Apr 5th, 2009 4:30:49 pm - Subscribe
|all my little words (the magnetic fields) is perhaps one of the most beautiful songs i have ever heard.|
Apr 4th, 2009 5:22:27 pm - Subscribe
|stealing neighbourhood internet until i get mine fixed on tuesday.
spent 11 hours in front of a microfilm machine today. feels strange to be in my apartment again, with real air flow from open windows. i really think the library wouldnt be quite so horrid if there were open windows on each floor. instead, i end up taking quick breaks out doors to get fresh air, and coming back inside to the library feels like entering a stuffy womb of sorts. it just sucks the energy out of me everytime i spend time there. unfortunately there is no substitute for the library when it comes to microfilm.

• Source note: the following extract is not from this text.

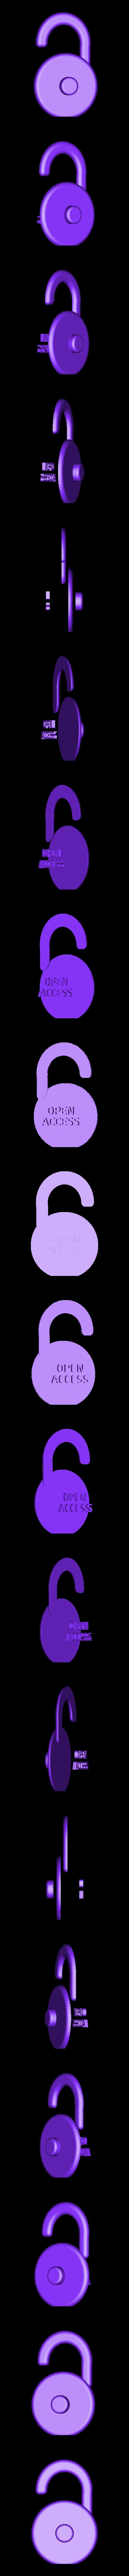 Open_Access_dual_orange.stl Télécharger fichier STL gratuit Logo en libre accès • Design à imprimer en 3D, sjpiper145
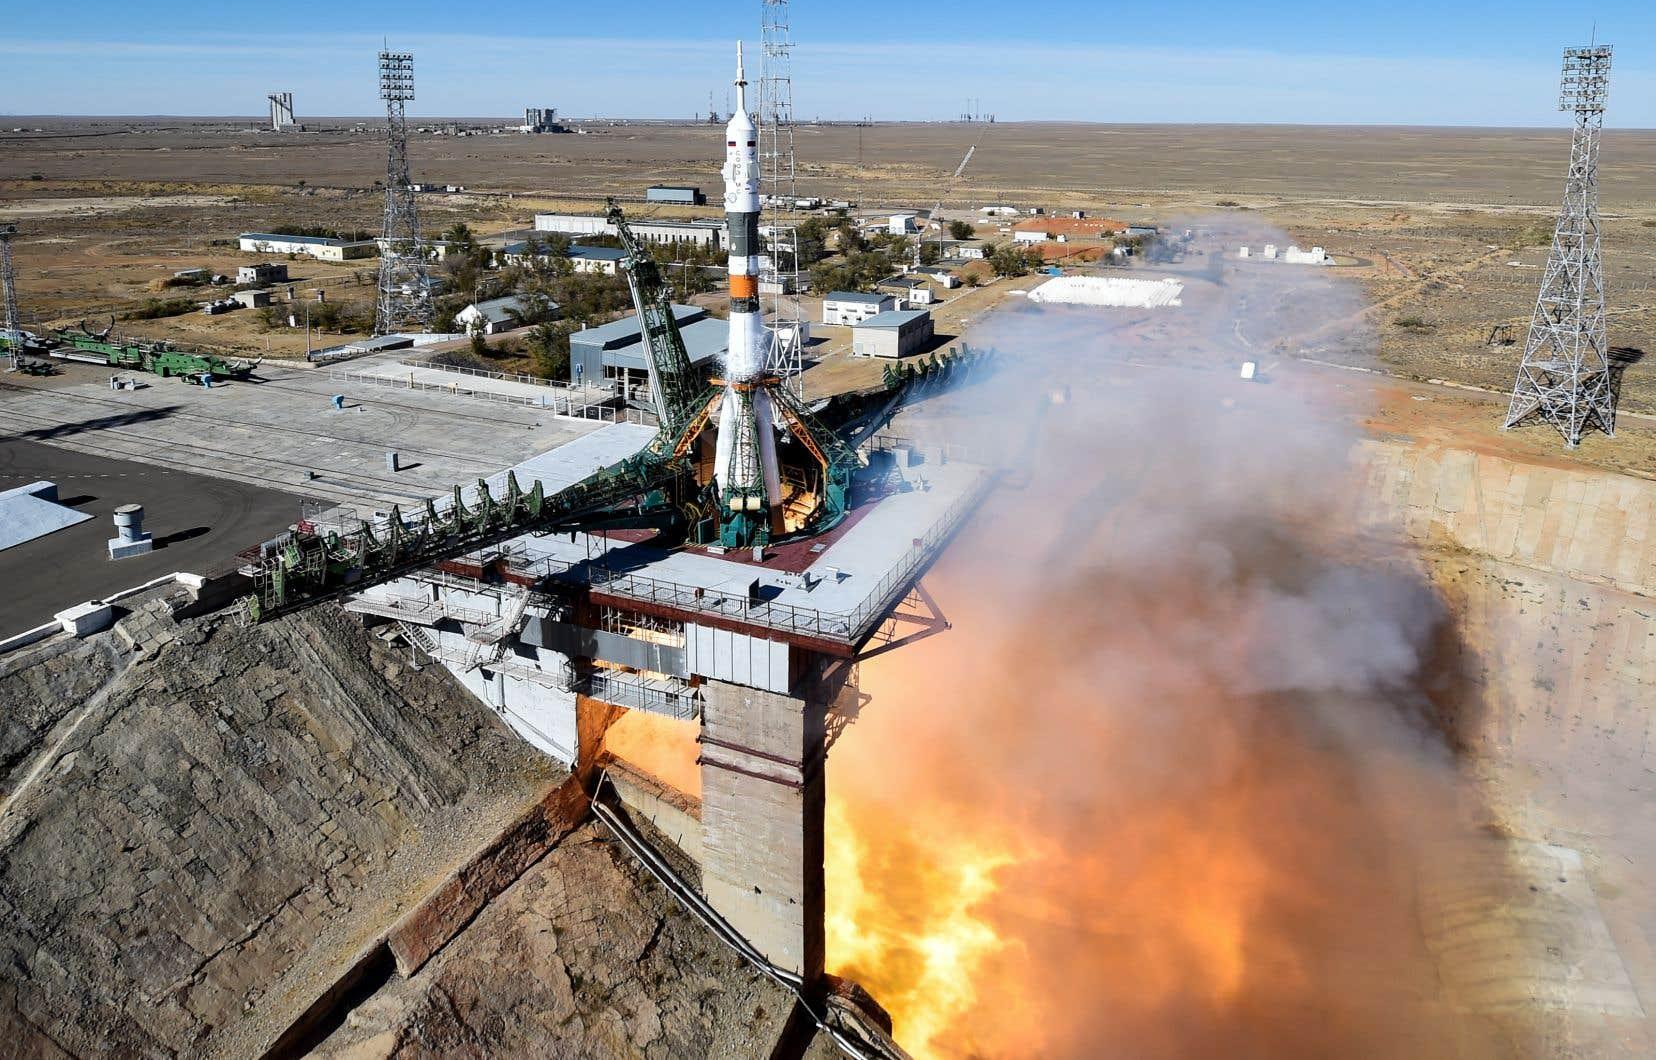 La fusée Soyouz devait transporter le cosmonaute russe Alexeï Ovtchinine et l'astronaute américain Nick Hague jusqu'à la Station spatiale internationale (SSI).

i had a fantastic research day today that made me feel wonderful for two main reasons:
a) my success was based on a historical 'hunch' that i investigated further.
b) despite not having the two years of journal film that i had banked on investigating (THANK YOU, library), i found everything i wanted to find on the following year's roll.
a third and larger reason i feel fabulous about my progress today is the simple fact that prior to this weekend, i had felt rather lukewarm about the direction of this project. a short progress meeting this week sort of perked me up again, but good research days still seemed to me to be few and far between. today was one of the few, so far, but it certainly was enough to rouse my inner historienne once again.
last night i plumb 'forgot' i have this plate piled high. i went out and locked my work up and pretended it didnt exist. in fact, it did exist. it was packed up in a knapsack, ready to go for the morning. but much like i did in toronto, i managed to fool myself pretty well into enjoying myself with almost no thought of *everything* i have to do, and *everything* i am thinking about practically *every day.* in toronto, i left my work in the upper annex and ran away to places like kensington market, where music was playing loudly and i didnt have to explain *it* all, or even think about *it.*
here, it often seems there is no where to run from the work. but last night i ran really far, and it did me well. i came back to the nineteenth century with fresh eyes. in the morning i showered, made a quick coffee, and slung the work over my shoulder. i spent the day thinking about *it,* making *it* happen.
its days like today that make all the hoop jumping worthwhile.